Sablefish is also known as 'black cod'
Product of B.C.
Harvested, processed and packed in B.C.
Catch: Trawl caught
Flavour: Rich, buttery flavour, silky texture
Sea Choice Green
Native to the North Pacific, this white flesh fish is a rich yet mild flavoured delicacy known for its charcoal grey skin and white flesh that contains more omega-3 than wild salmon. The soft texture, high oil content, and way that the large delicate flakes melt in your mouth for a velvety and satiny finish has earned this fish the nickname "butterfish".
This fish is usually the meal centrepiece, or an addition to salads or specialty fish sandwiches. The high fat content makes the fillets perfect for grilling, smoking, frying, or sushi, and the flesh of this fish is excellent for absorbing marinades, although it is quite tasty without them. A 6 ounce serving has 23g protein and 26g fat, which makes it about as fatty as salmon belly and fattier than pacific cod and halibut, contributing to a more luxurious mouth feel with a taste milder than salmon and tuna.
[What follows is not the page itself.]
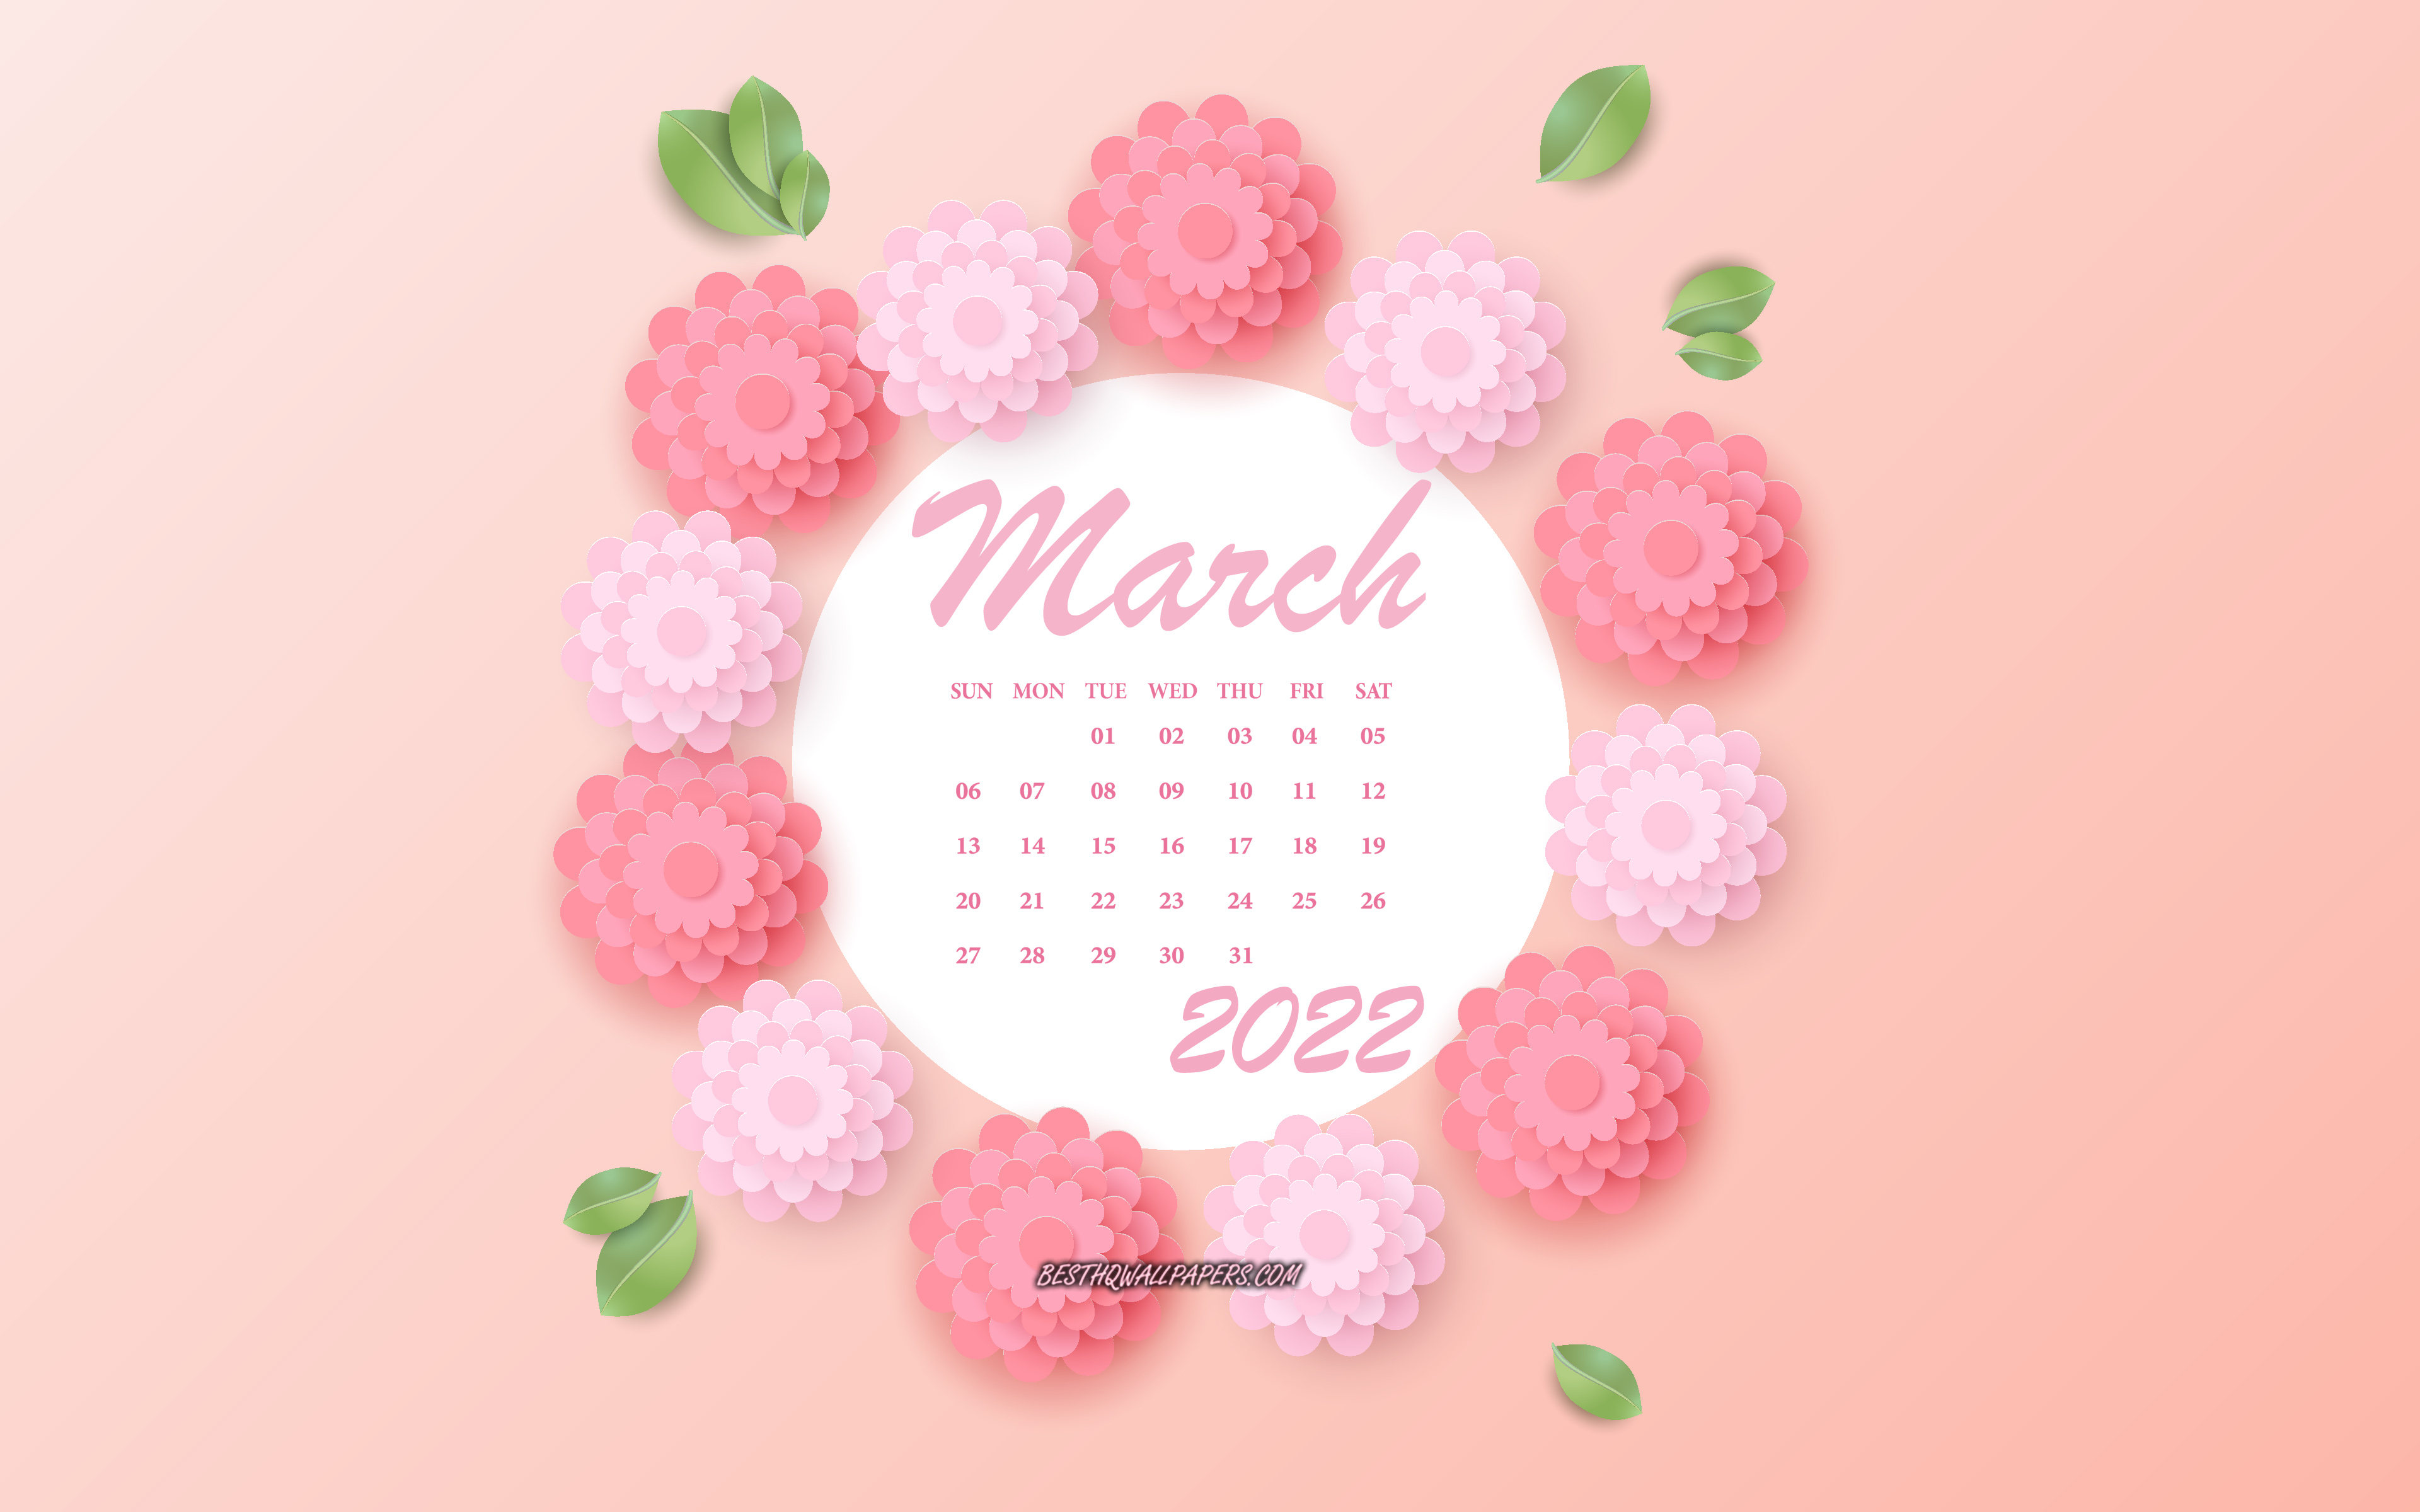 Download wallpaper March 2022 Calendar, 4k, pink flowers, March, 2022 spring calendars, 3D paper pink flowers, 2022 March Calendar for desktop with resolution 3840x2400. High Quality HD picture wallpaper

This fish is not actually a member of the cod family and is not suitable for most cod fish recipes. It is an environmentally superior choice to Chilean sea bass, and is commercially important to Japan for sushi preparation (in fact, much of USA/Canadian sablefish catch is exported to Japan each year).
Sablefish is a bottom-dwelling opportunistic predator that feeds on Pacific cod, Alaskan pollock, eulachan, herring, squid, euphausiids and jellyfish. The majority of this fish is commercially caught at 20 years old, giving them a chance to spawn before catching. Sablefish are found from North Mexico all the way up to the Gulf of Alaska and west to the Aleutian Islands and up into the Bering Sea. They are high in vitamin B12, niacin, selenium, iodine, phosphorous, magnesium, iron, zinc, and calcium. They are a long, sleek fish reaching lengths of 28 inches and weights of 8 lb.
The name "sablefish" is derived from the small, dark brown to black scales which feel velvety, much like a sable fur. The smoked version of this fish is also a staple of Jewish delicatessens, sold sliced as a bagel topping like smoked sturgeon and smoked whitefish.